I was wondering to use parallelization method: mcmapply() for the quadrant function's by editing the R script rrho.r in R/ folder. The quadrant() function can be edited with following code:

enrich.ret <- parallel::mcmapply(enrichment , a =coord[1], b = coord[2] , mc.cores = mcores) After running the two R scripts in R/ folder I can run the RedRibbon() function but the quadrant() function is relying on the C standalone libraries as it gives me the following error.

Error in .Call("rrho_r_rectangle_min_ea", as.integer(i), as.integer(j),  : 
  C symbol name "rrho_r_rectangle_min_ea" not in load table

In order to circumvent the problem, I generated and load the dynamic shared library of dyn.load("rectangle_min_ea.so") in R studio, then also I am facing the following issue

rectangle_min_ea.so: undefined symbol: rrho_initial_population_func

I am not a C language user thus, resolving this issue is daunting for me because I can't find the libraries in the src/ folder which they are asking.

Could you comment if this is how one should proceed (by loading the C libraries) or there is any provision to parallelize the script, please?

Thank you very much in advance!

antpiron commented 2 weeks ago

Hi,

I never tried with that many features... But it should work reasonably well without permutation on a standard machine with sufficient memory.
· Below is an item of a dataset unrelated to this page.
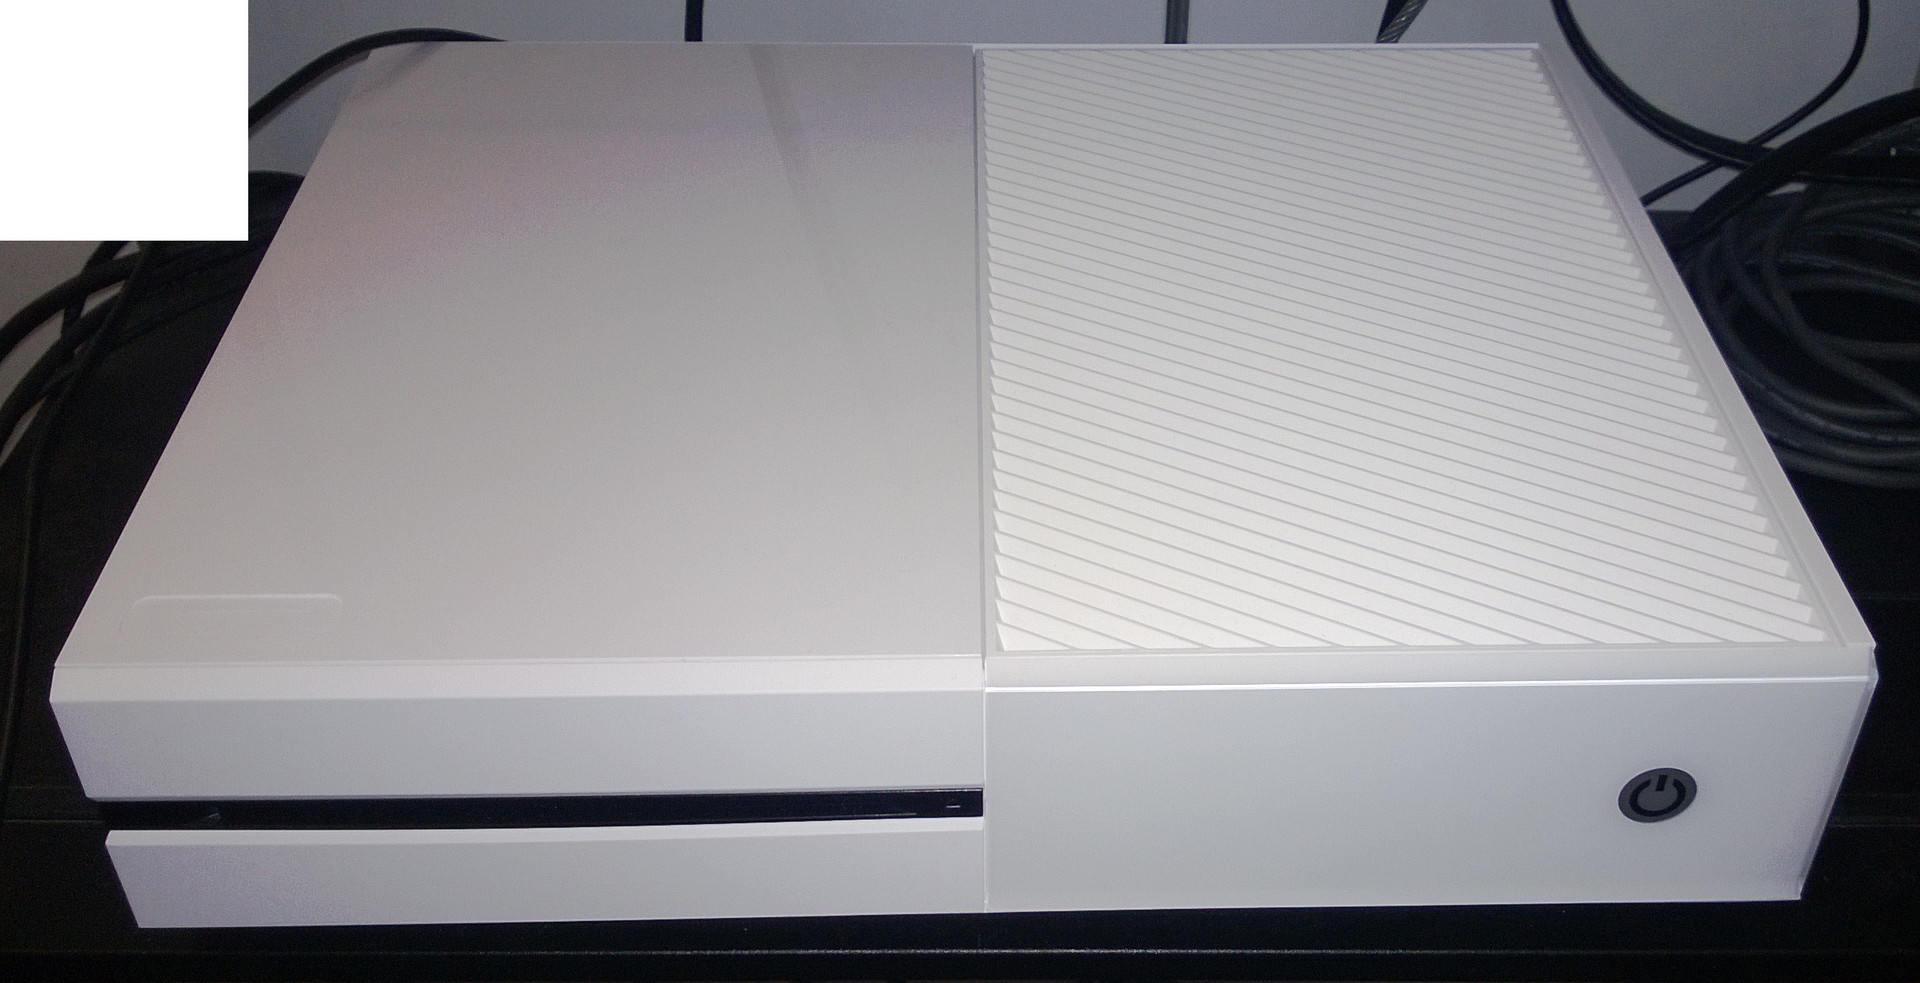 Exclusive White Xbox One for Microsoft EmployeesXbox One White

On a machine with many cores (>48c/96t), the permutation should be also runnable.

Enrichment part is fast and to paralyze this part will not result in a significantly faster execution.

For very large dataset (if you have not access to a machine with many cores), I will advise to deactivate the computation of the adjusted P-Value (permutation = FALSE) as in this demo code:

library(data.table)

n <- 1000000
half <- n / 2

a <- (1:n) - half
b <- sample(a)

df <- data.table(id=1:n, a = a, b = b)

rr <- RedRibbon(df, enrichment_mode="hyper-two-tailed")
quad <- quadrants(rr, algorithm="ea", permutation=FALSE, whole=FALSE)

Anthony.